Whatever pictures appear, omit them, and repeat the data below exactly.

━━━ Data segment

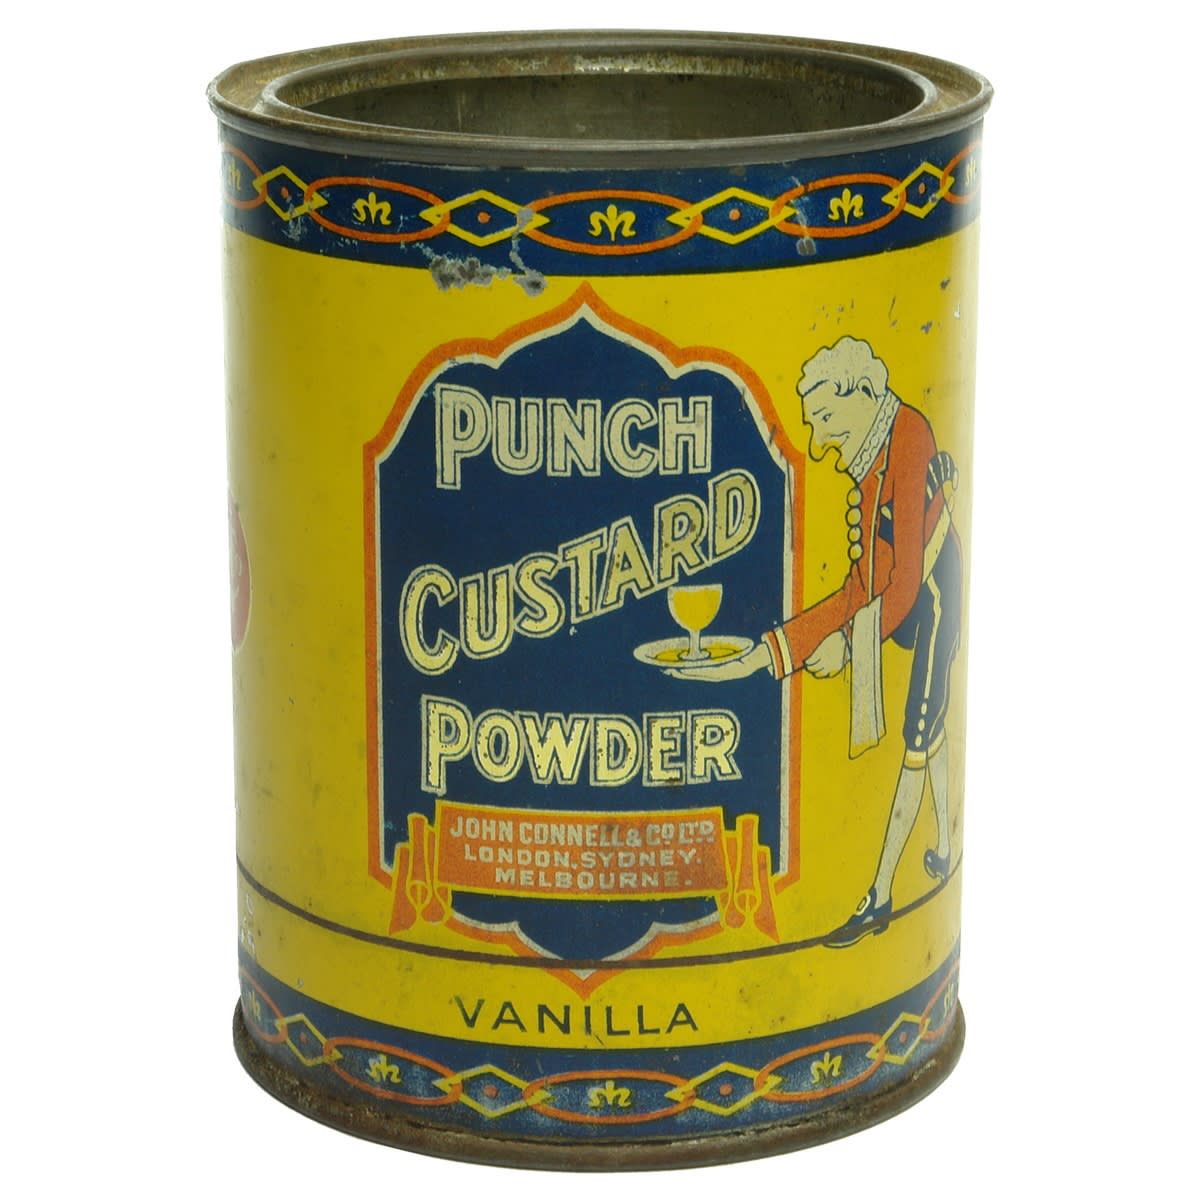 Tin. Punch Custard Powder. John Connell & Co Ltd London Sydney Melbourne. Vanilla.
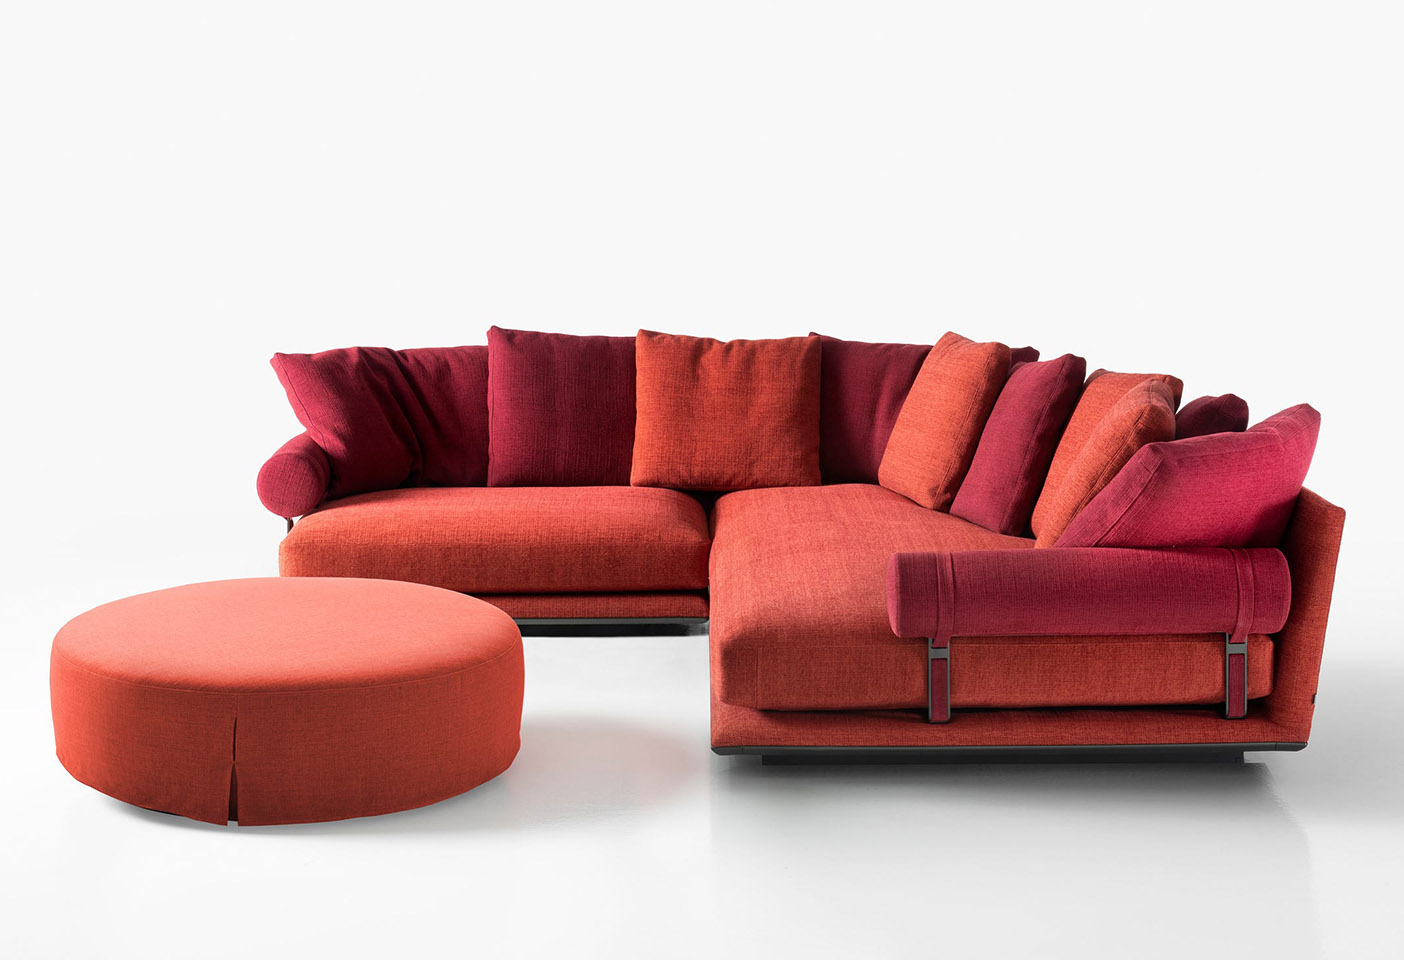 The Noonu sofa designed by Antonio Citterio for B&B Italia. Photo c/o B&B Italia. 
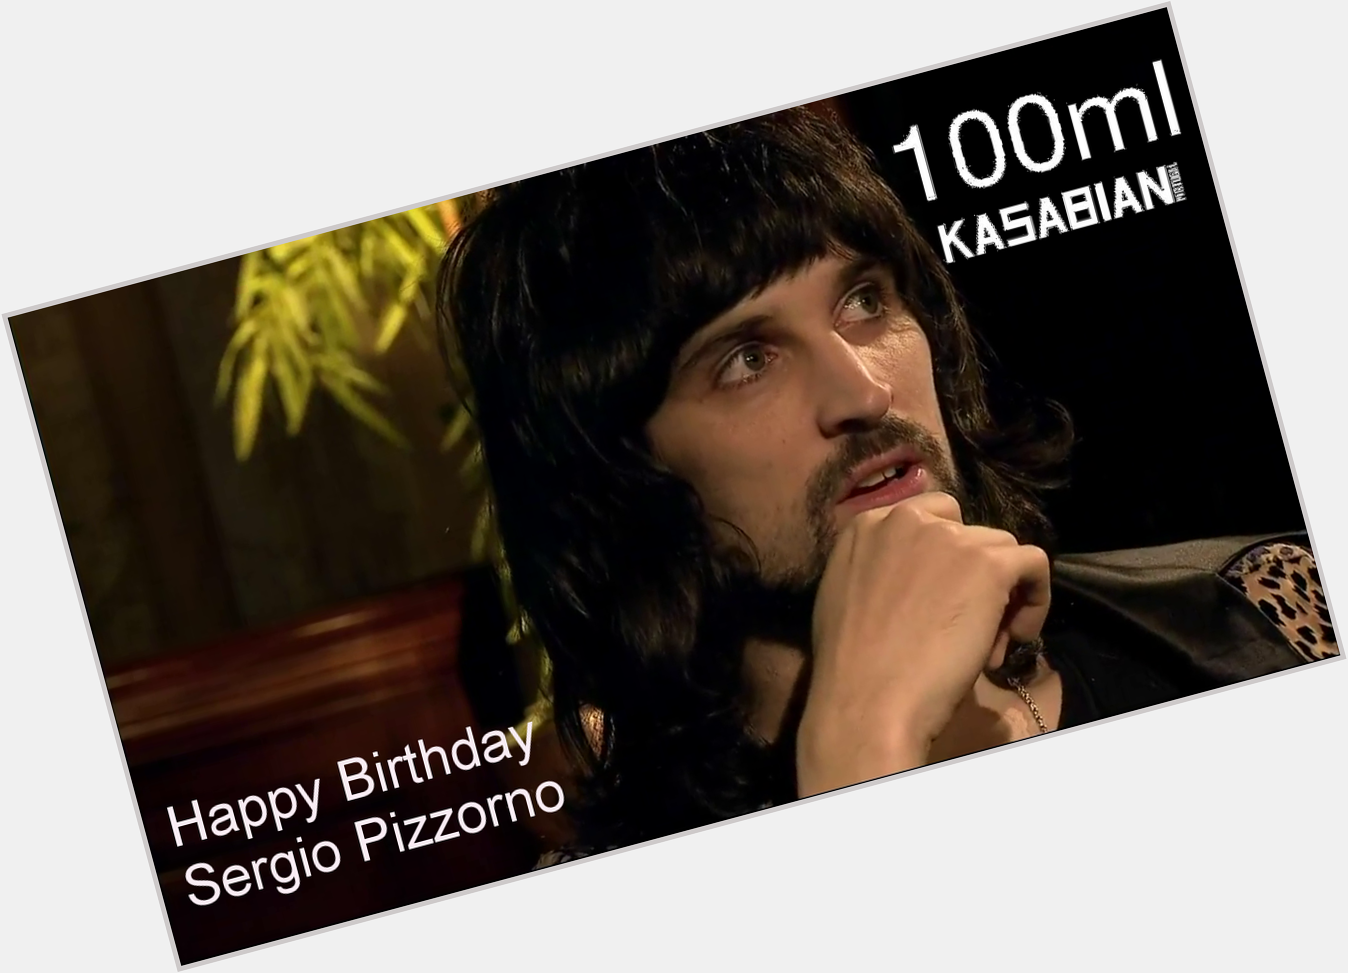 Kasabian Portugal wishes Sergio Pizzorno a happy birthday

━━━━━━

» **Solution below**
 Tin. Punch Custard Powder. John Connell & Co Ltd London Sydney Melbourne. Vanilla.
 The Noonu sofa designed by Antonio Citterio for B&B Italia. Photo c/o B&B Italia. 
 Kasabian Portugal wishes Sergio Pizzorno a happy birthday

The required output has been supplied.